The government decided to order the inquiry after the release from Guantanamo Bay in 2009 of Binyam Mohamed, 33, an Ethiopian living in Britain. He had been arrested in 2002 in Karachi after the US military claimed he had fought for the Taliban in Afghanistan.

After being tortured in Pakistan - where, he said, a British intelligence officer directed the questioning - Morocco and Afghanistan, he was taken to Guantanamo where he spent four years before finally being released by the Americans without charge.

More than a dozen other detainees with UK citizenship or residency subsequently came forward alleging that British secret service agents had been complicit in their torture. Faced with mounting numbers of legal cases, the government last year reached out-of-court settlements with 16 of them, Mr Mohamed reportedly receiving £1 million (Dh5.8m).

Mr Mendez said, given the circumstances, the government was "doing absolutely the right thing in having an inquiry into these gravely serious allegations".

But: "I have heard of limitations that may frustrate the very object of such an exercise.
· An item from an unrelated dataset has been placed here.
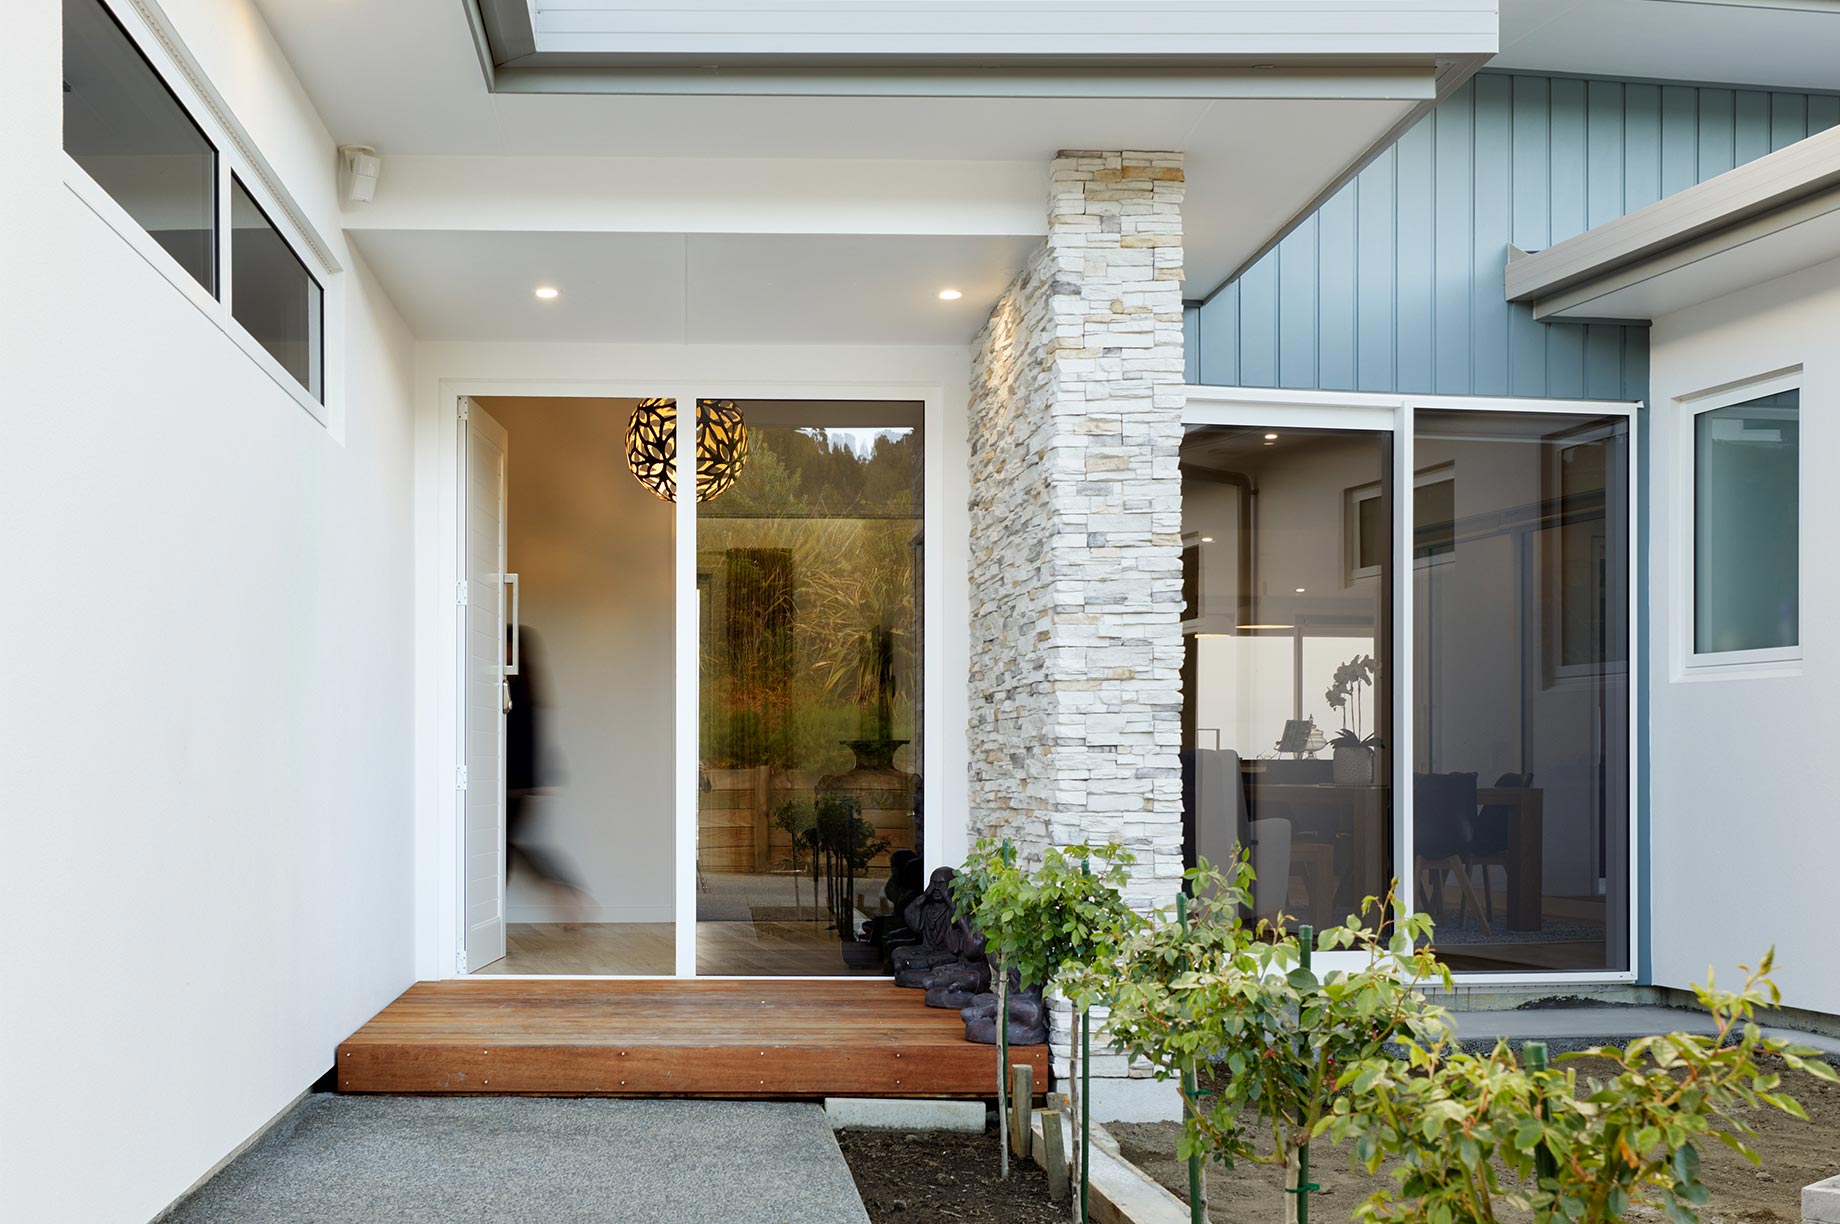 House entry with a white door exterior

During my current visit I hope to learn more about the parameters that have been set for it.

"A less than open and transparent inquiry would only serve to cover up abuses and encourage recurrence."

Those behind the inquiry insisted that the investigation into the treatment of detainees, including accusations that Britain was complicit in their "extraordinary rendition", would be "thorough, fair and transparent".

They said that all evidence would be heard in public unless it was deemed to be a threat to national security or the national interest "and any other reasons such as health or security that would make it difficult for the witness to appear or to be entirely frank in public".

They added: "We are surprised that Mr Mendez did not speak to the inquiry before he made his public statement."

Shami Chakrabarti, the director of the London-based civil rights group Liberty, said: "When the UN's torture expert warns a government that its inquiry into complicity is inadequate, it really is time to think again.

"The UK has shown itself capable of setting up properly independent judicial inquiries into other scandals. Is torture any less serious? A process where officials talk to themselves in secret and the Cabinet Office approves the final report would be seen around the world not so much as an inquiry as a very British farce."